WORK TASK »
This task asks for the lines from the one with "Il s'agit d'un" to the final line below, repeated exactly, with pictures omitted.

INFORMATION SHOWN »
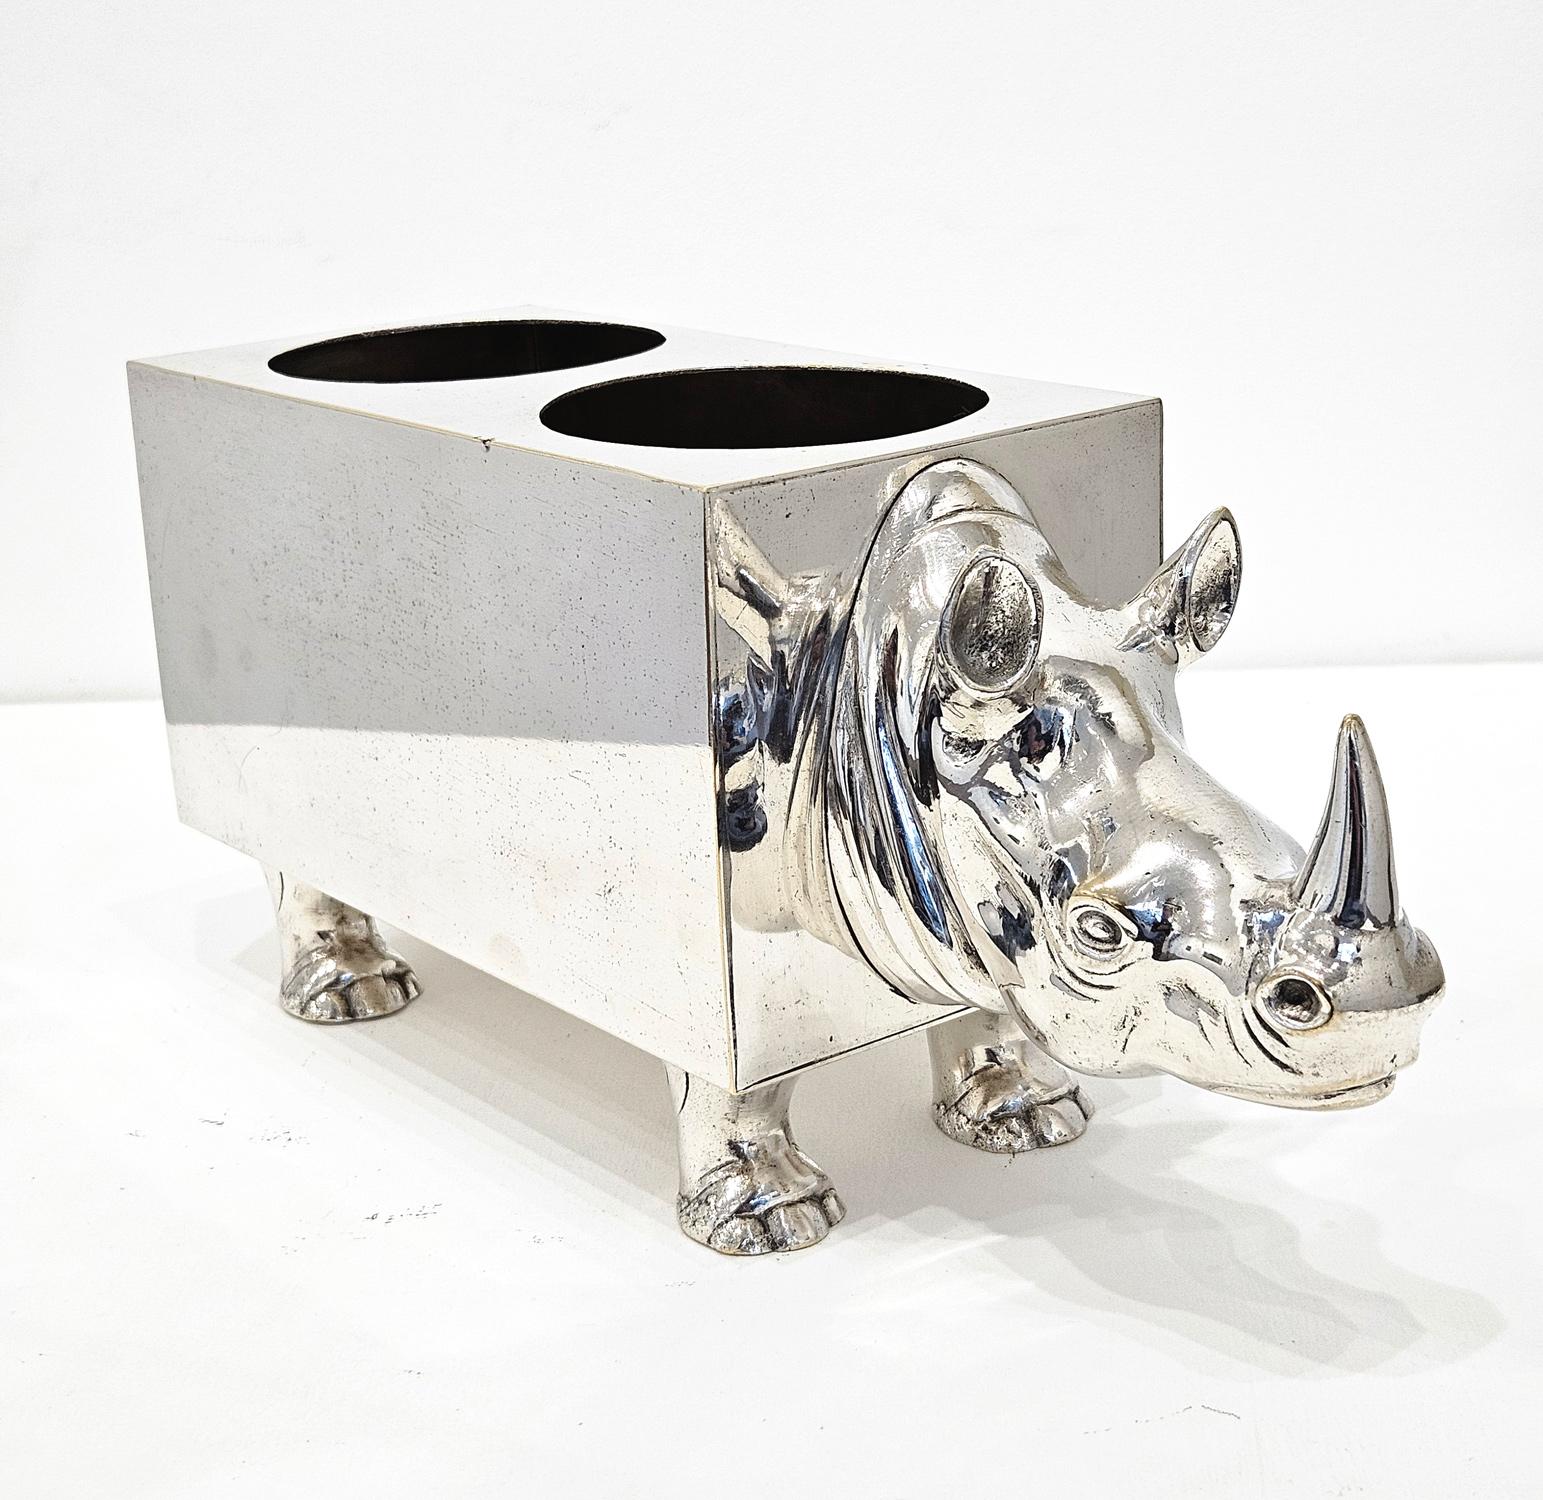 Un double porte-bouteille en métal argenté du milieu du 20e siècle en forme de rhinocéros, fabriqué en Espagne vers les années 1960. 

Il s'agit d'un objet des plus charmants, avec la tête, les pieds et la queue du rhinocéros magnifiquement
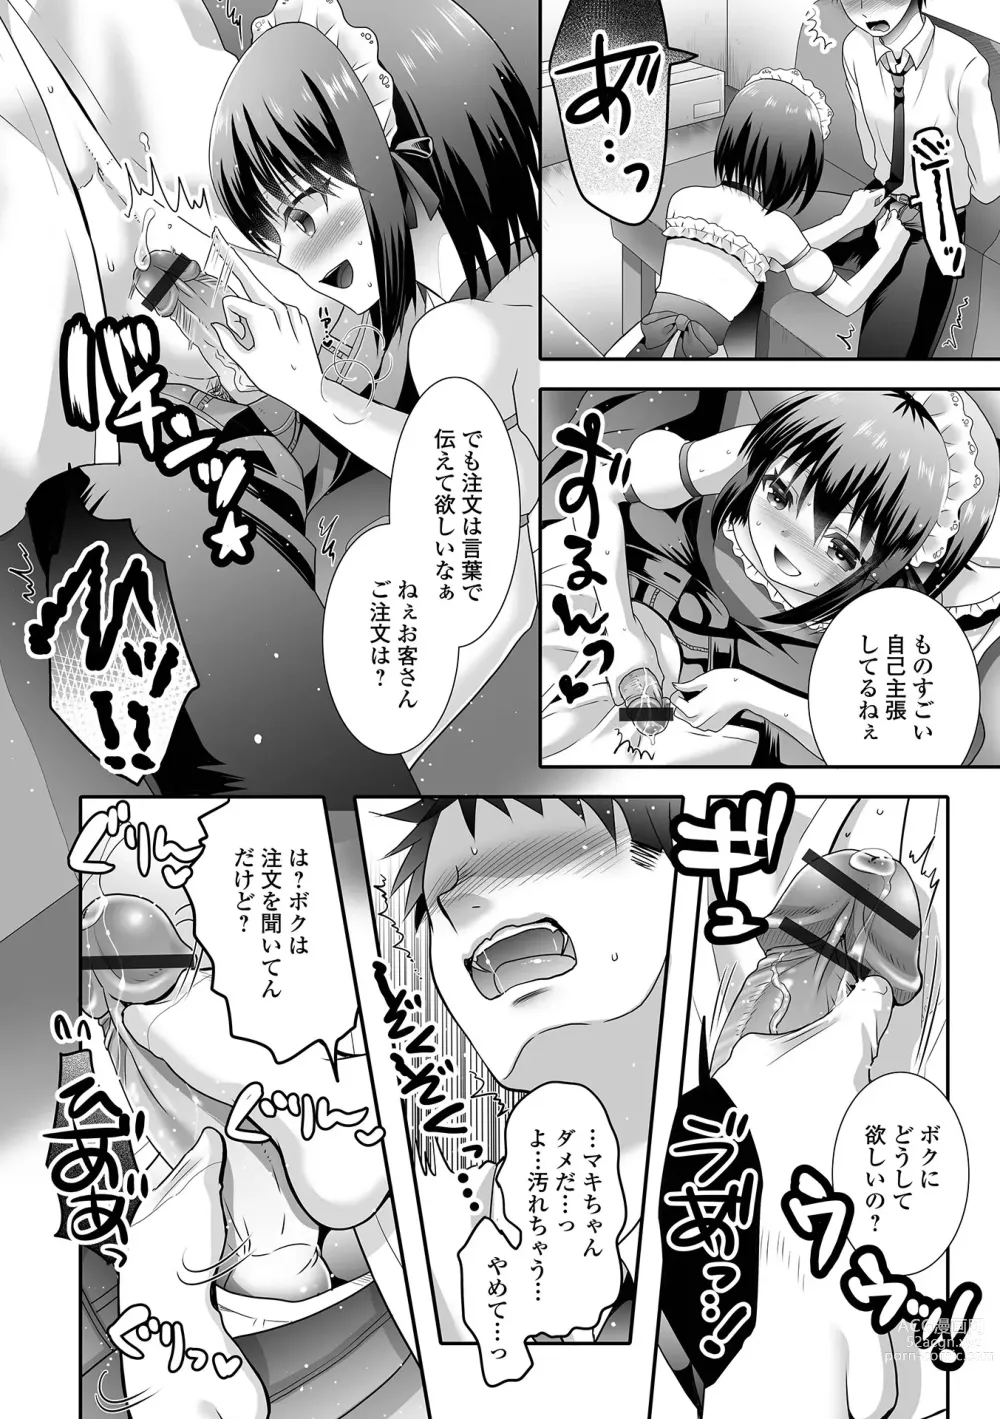 Page 26 of manga Gekkan Web Otoko no Ko-llection! S Vol. 89

EXPECTED ANSWER »
Il s'agit d'un objet des plus charmants, avec la tête, les pieds et la queue du rhinocéros magnifiquement
 Page 26 of manga Gekkan Web Otoko no Ko-llection! S Vol. 89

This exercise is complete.